The snippet shows that modifying the key bias does not change the result. Changing the other two biases does change the result.

This can be shown from the formula (although it is not explicitly given in the doc, one has to guess it) using the fact that softmax is invariant to an additive constant.

The practical consequence is that it spends some time at each iteration both
* forward, involving a parameter which does not change the result and
* backward, propagating null gradients to update it.

Probably negligible in the tsunami of propagations which take place, still could be removed.

In [2]:
# Create a torch.nn.MultiheadAttention instance and randomize all its parameters
a = torch.nn.MultiheadAttention(embed_dim=12,num_heads=4,batch_first=True)
#a = torch.nn.MultiheadAttention(embed_dim=12,num_heads=4,batch_first=True,kdim=17,vdim=19) # variant with key and value dimensions
for p in a.parameters(): randomize(p.data)
# Sample some input
B = 64; M = 100; N = 80
yʹ = torch.rand(B,N,a.embed_dim) # query input
xʹ = torch.rand(B,M,a.kdim) # key input
x =  torch.rand(B,M,a.vdim) # value input
outs = (B,N,a.embed_dim) # shape of the output
print(f'Output shape: {outs}')
with torch.no_grad():
  # iterate over the three biases (query,key,value)
  for bias_name,bias in zip(('query','key','value'),torch.chunk(a.in_proj_bias.data,3)):
    # First randomize the selected bias and compute the output.
    randomize(bias); y1,_ = a(yʹ,xʹ,x)
    # Now randomize the same bias again and compute the output.
    randomize(bias); y2,_ = a(yʹ,xʹ,x)
    assert y1.shape == outs and y2.shape == outs # sanity check
    # compare the two outputs
    print(bias_name.ljust(5),':',f'{div(y1,y2):.2g}')

Output shape: (64, 80, 12)
query : 20
key   : 0.00092
value : 6.3


The result for the key bias should be null, non null value is due to numerical instability.

## Alternative implementation of multi-head attention

The [PYTOOLS implementation](https://github.com/jmandreoli/PYTOOLS/blob/master/src/torch.py) of multi-head attention does not have a key bias.
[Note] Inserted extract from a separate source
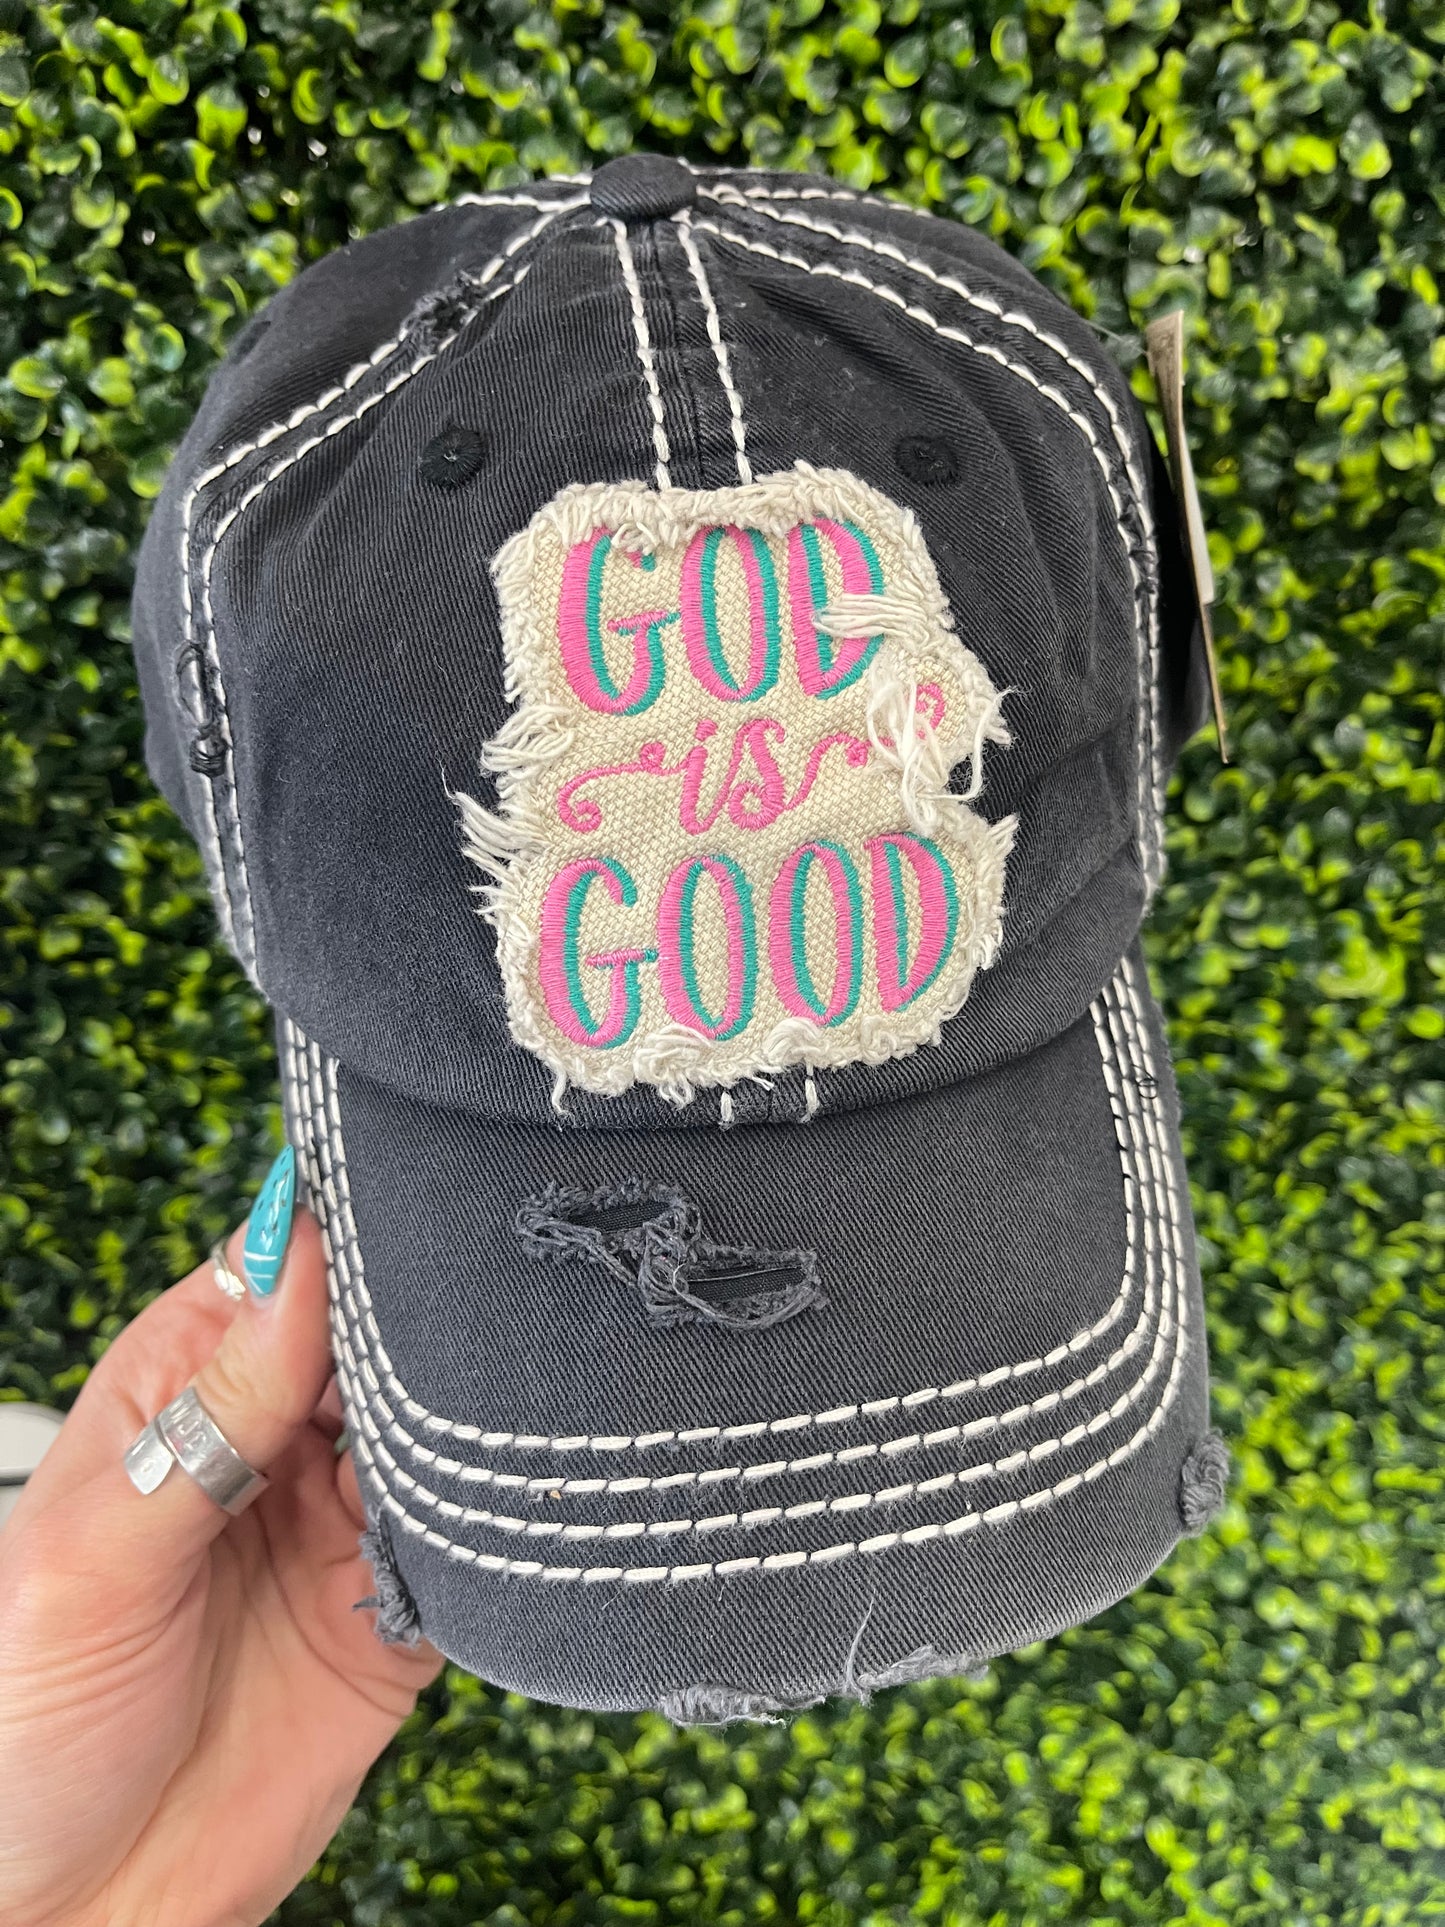 God Is Good Distressed Patch Hat - Black

Furthermore, it is open to extensions of the attention mechanism. One extension (Mixed attention) is provided.

This snippet shows that the implementation is equivalent (up to numerical instability) to the original.

In [3]:
# Create a torch.nn.MultiheadAttention instance and randomize all its parameters
#a = torch.nn.MultiheadAttention(embed_dim=12,num_heads=4,bias=True,batch_first=True)
for p in a.parameters(): randomize(p.data)
# Create the corresponding PYTOOLS implementation
from myutil.torch import MultiHeadAttention
a_ = MultiHeadAttention.torch_convert(a)
# Compare the two implementation on some random sample
fwd,bwd = a_.torch_compare(a,B=64,M=100,N=80)
# display result
print('forward'.ljust(8),''.ljust(5),':',f'{div(*fwd):.2g}')
for head,(p,(u_,u)) in zip(('backward',*100*('',)),bwd.items()): print(head.ljust(8),p.ljust(5),':',f'{div(u_,u):.2g}')

forward        : 0.023
backward Λ[1]  : 1.8e-05
         Λ[0]  : 4.1e-05
         ϴ[0]  : 3.1e-06
         ϴ[1]  : 1.7e-06
         Λₒ    : 3e-05
         Θₒ[0] : 4.5e-06
         Θₒ[1] : 0


All results should be null, non null values are due to numerical instability.